Thankfully I mounted my wide-angle lens onto my Canon because trying to capture the sheer size of the wheel when you are up close is almost impossible.

The Laxey Wheel, located on the north-eastern side of the small Irish Sea island, was built in 1854.  The wheel’s job was to pump water out of the “Great Laxey Mines” complex in the nearby hills – a lot of water.  Indeed this massive wheel is capable of extracting over 1000 litres per minute from mine shafts the extend to  1500’ below the earth’s surface.

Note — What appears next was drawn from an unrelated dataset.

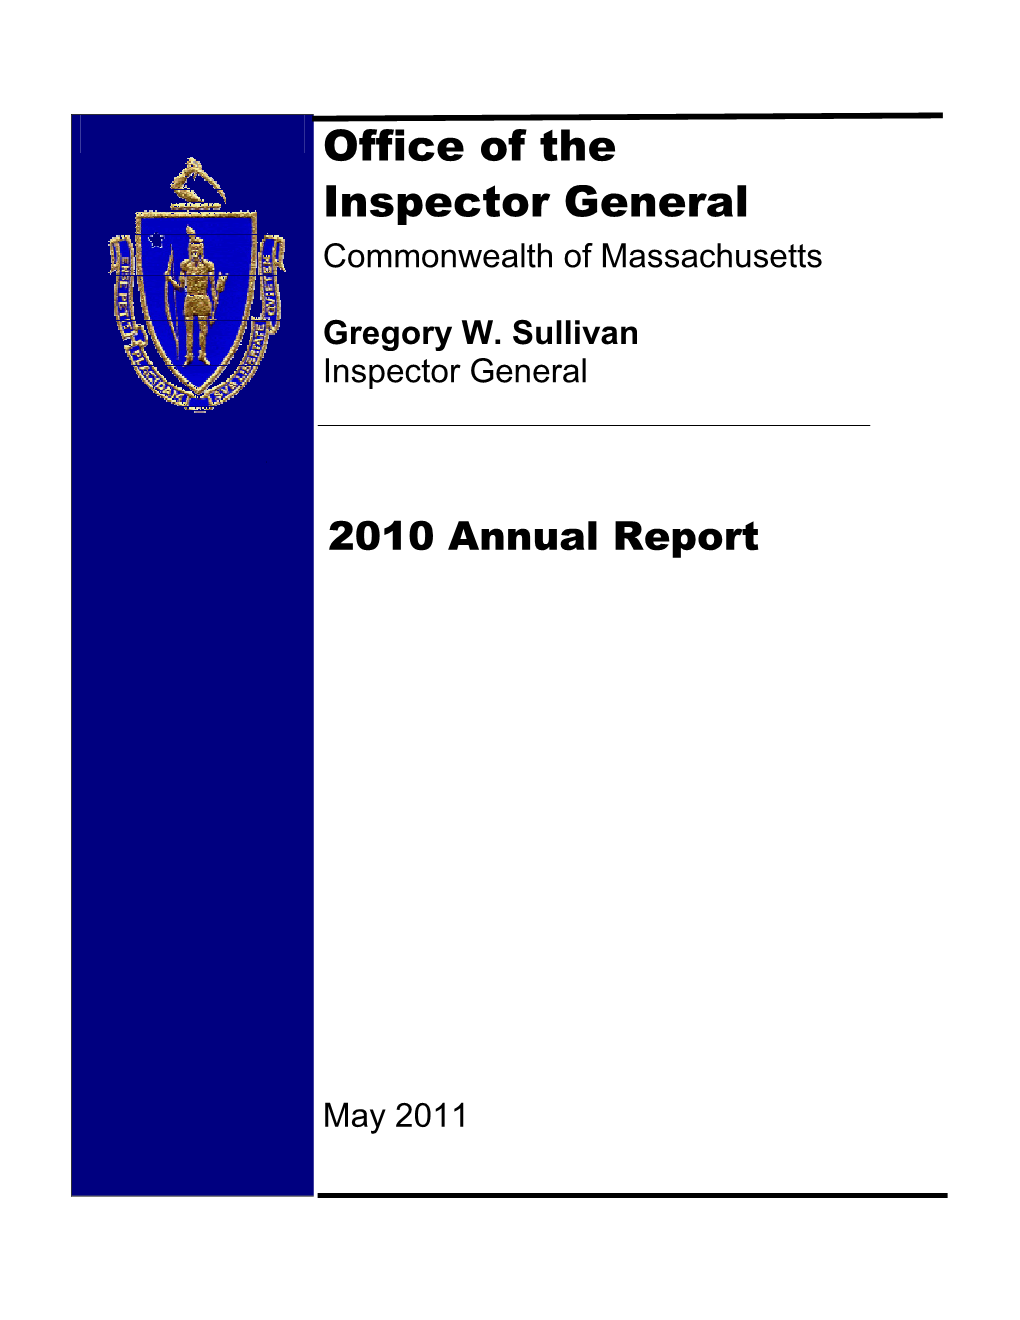 Office of the Inspector General Annual Report 2010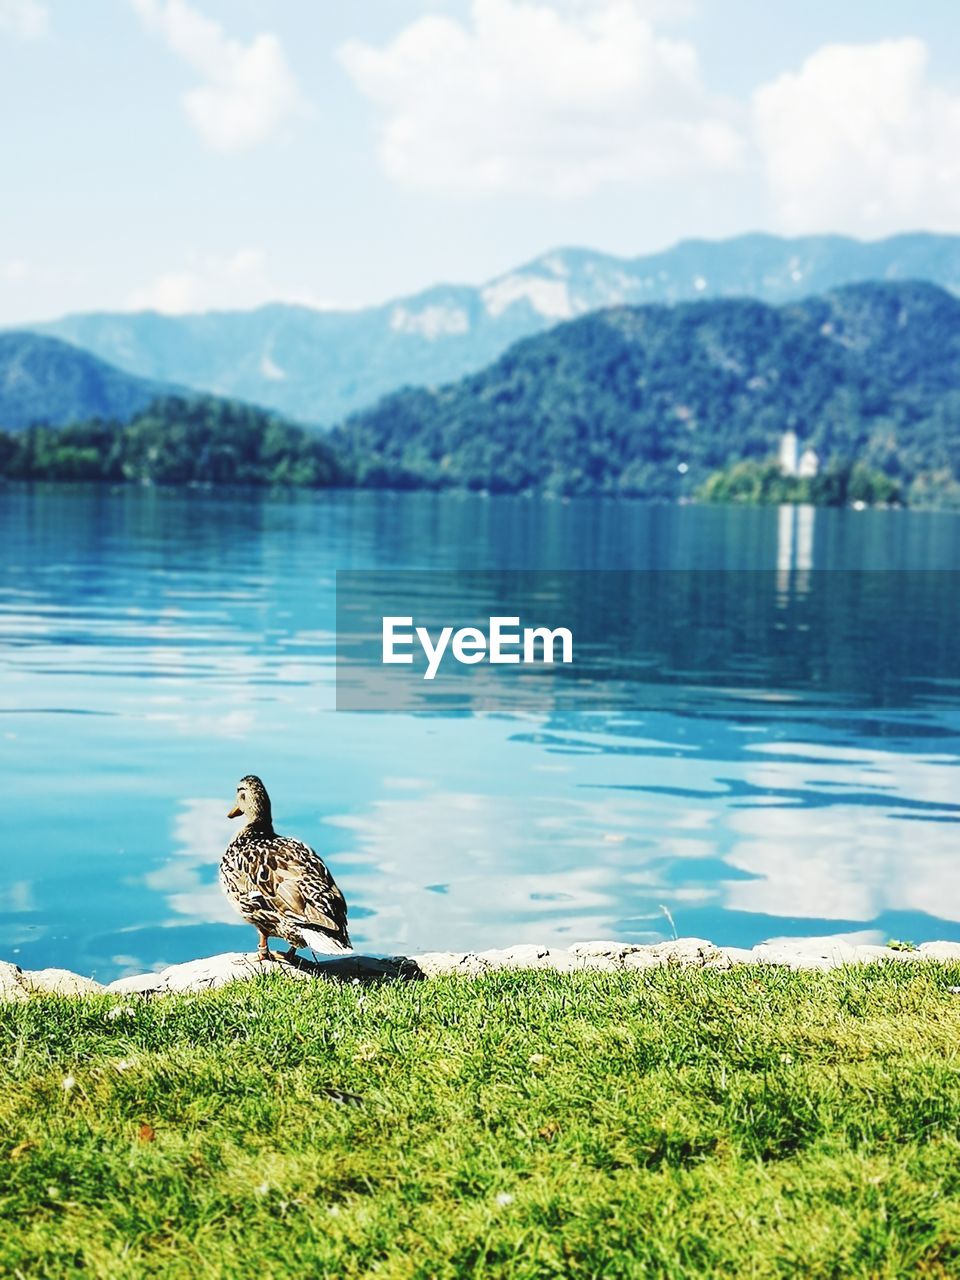 Bird on grass by lake against mountains and sky

The water that feeds the wheel runs along a beautifully designed viaduct. Towering above the landscape the white washed stone arches of the viaduct provide avid photographers with some wonderful “perspective” shots.

Visitors to the Laxey Wheel complex can visit one of the old mine shafts that leads into the Glen Mooar part of the Laxey Mines.  A short track leads from the wheel up to the shaft’s entrance and, after donning a hardhat, you can walk 100’ into the mine. Be warned though.  Even if you are not claustrophobic, the short trip into the mine will get your attention.

Immediately on entering the shaft the temperature begins to drop and the water logged walls and low roof drip all around you.   The narrow gauge rail lines disappear into the darkness and the shaft seems to close in around you. The shaft is fenced off around 100’ into the mine but by this point you are in far enough to gain a sense of how brave and tough the Laxey miners were.

Exiting the mine into the bright, cool day is like being born again.

If, after a visit to the mineshaft, you are up for another challenge you can climb up to the top of the beautiful tower in which the Laxey Wheel is mounted.  A narrow, “one-person-at-a-time”, spiral staircase allows visitors to get to the top of the tower and view the surrounding hills and the Laxey Valley.   The climb also means that you get to see the very top of the 6’ wide wheel as it rotates gracefully – a very calming experience after the steep climb to the top.

After all the exercise and a lot of photos we walked down the hill to the small café located near the wheel.   Visitors can take in some of the café’s delightful offerings while listening to the water flowing from the wheel and into the nearby stream. We settled on the obligatory tea and scones.

The Laxey Wheel is open from 10am – 4pm in winter and 9.30am to 5pm in summer. The very reasonable entry fee of £5 goes toward keeping the “Lady Isabella” (as the wheel is called) turning for the generations to follow.